• **EXERCISE REQUIREMENTS**
With pictures left out, write out exactly every line from the start of the data through the one that contains "Timeline of Educational".

• **RAW DATA**
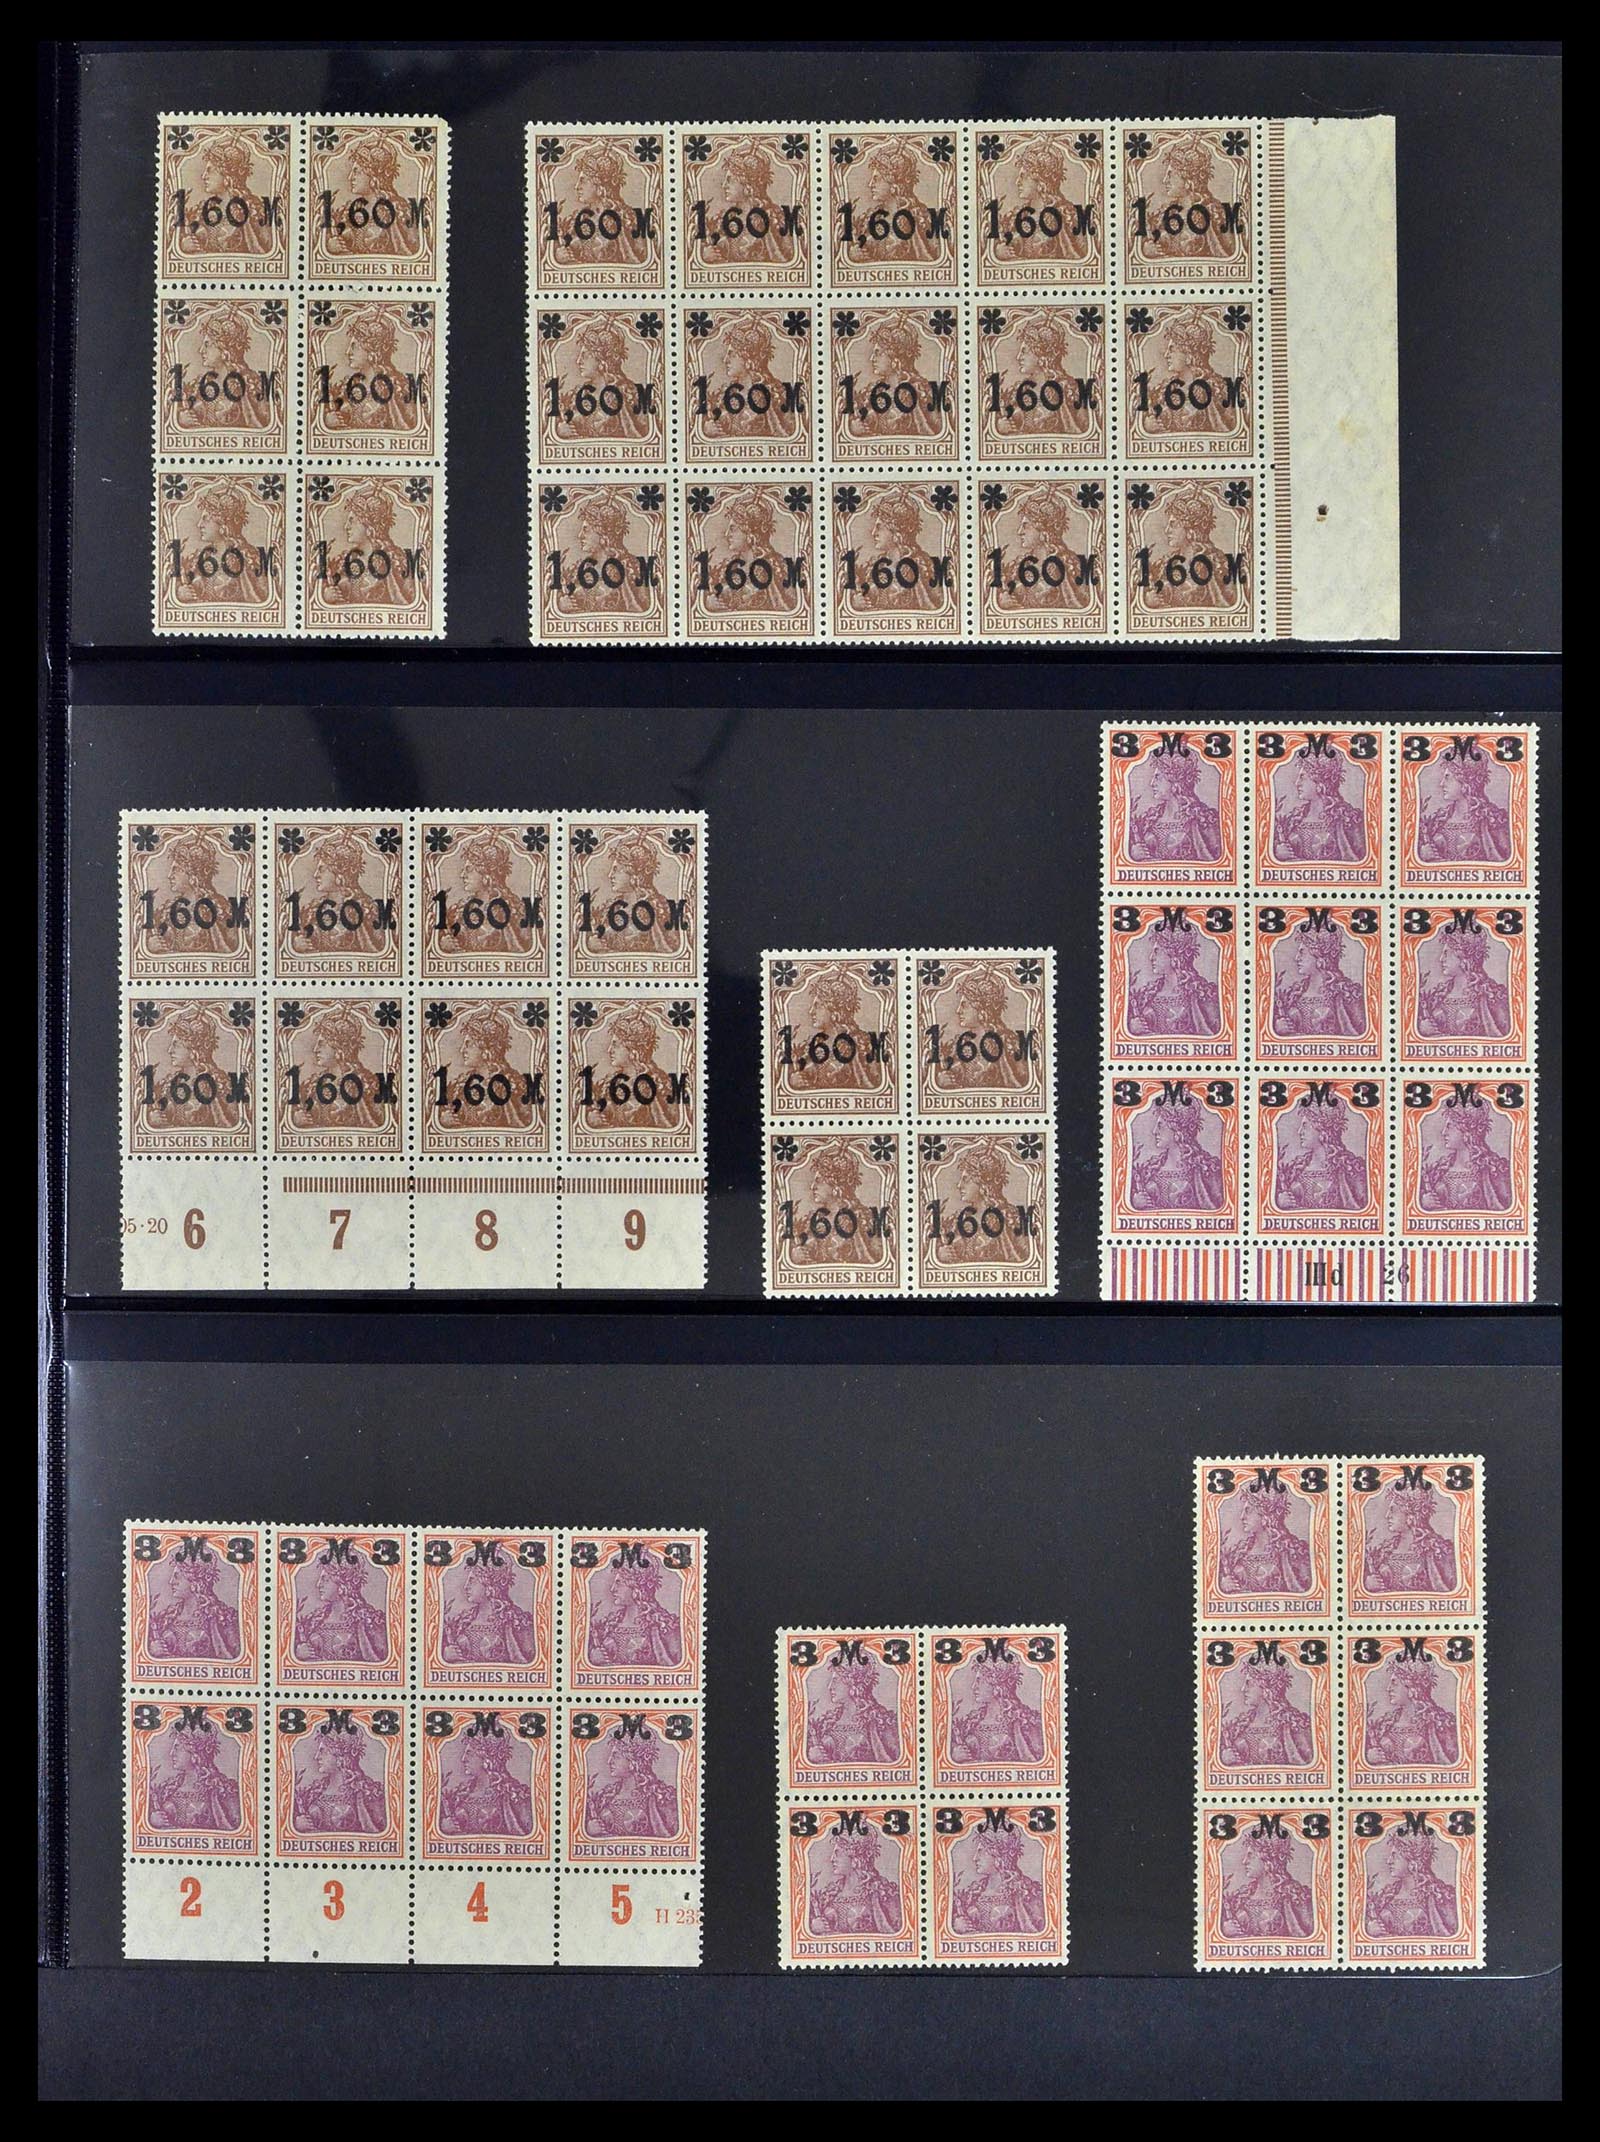 39255 0009 - Stamp collection 39255 German Reich MNH blocks of 4.
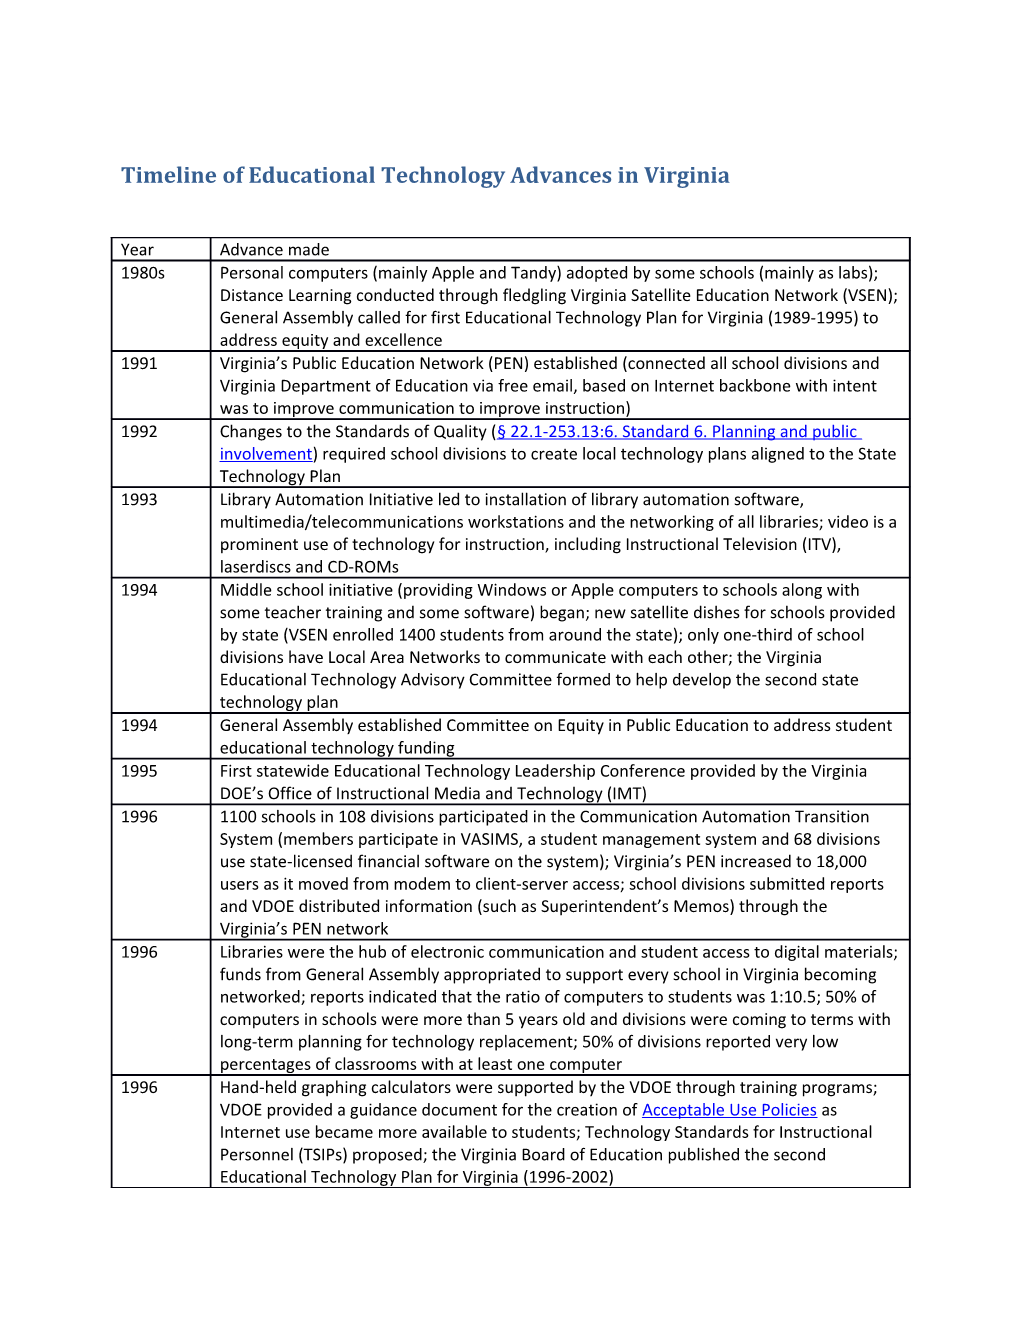 Timeline of Educational Technology Advances in Virginia
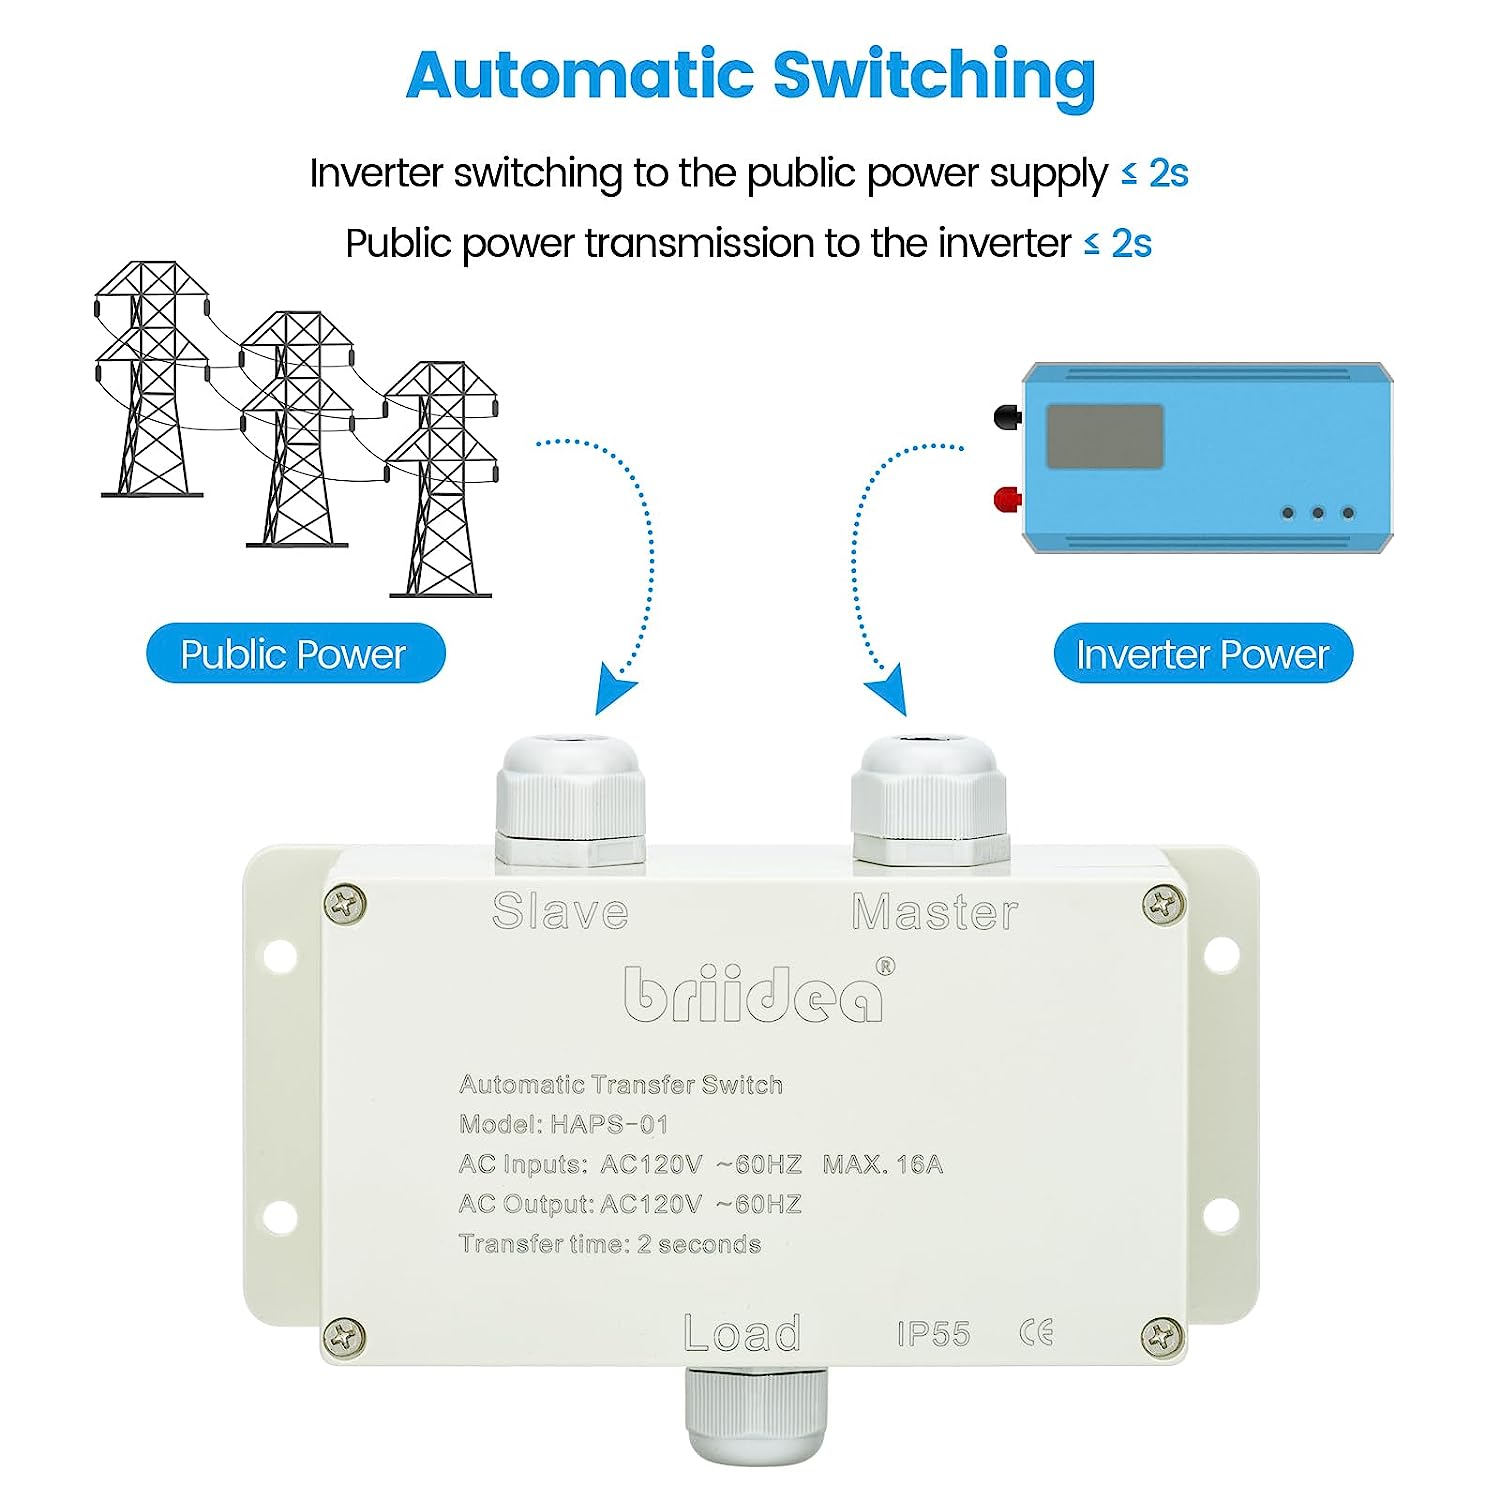 Automatic Transfer Switch, Briidea 120 VAC 16 AMP ATS Auto Transfer Switch for Inverter and Main Powers, UL Listed, Suitable for Use in Boats, RVs, Solar Power Systems, Motorhomes

• **RESULT FOR THIS EXERCISE**
 39255 0009 - Stamp collection 39255 German Reich MNH blocks of 4.
 Timeline of Educational Technology Advances in Virginia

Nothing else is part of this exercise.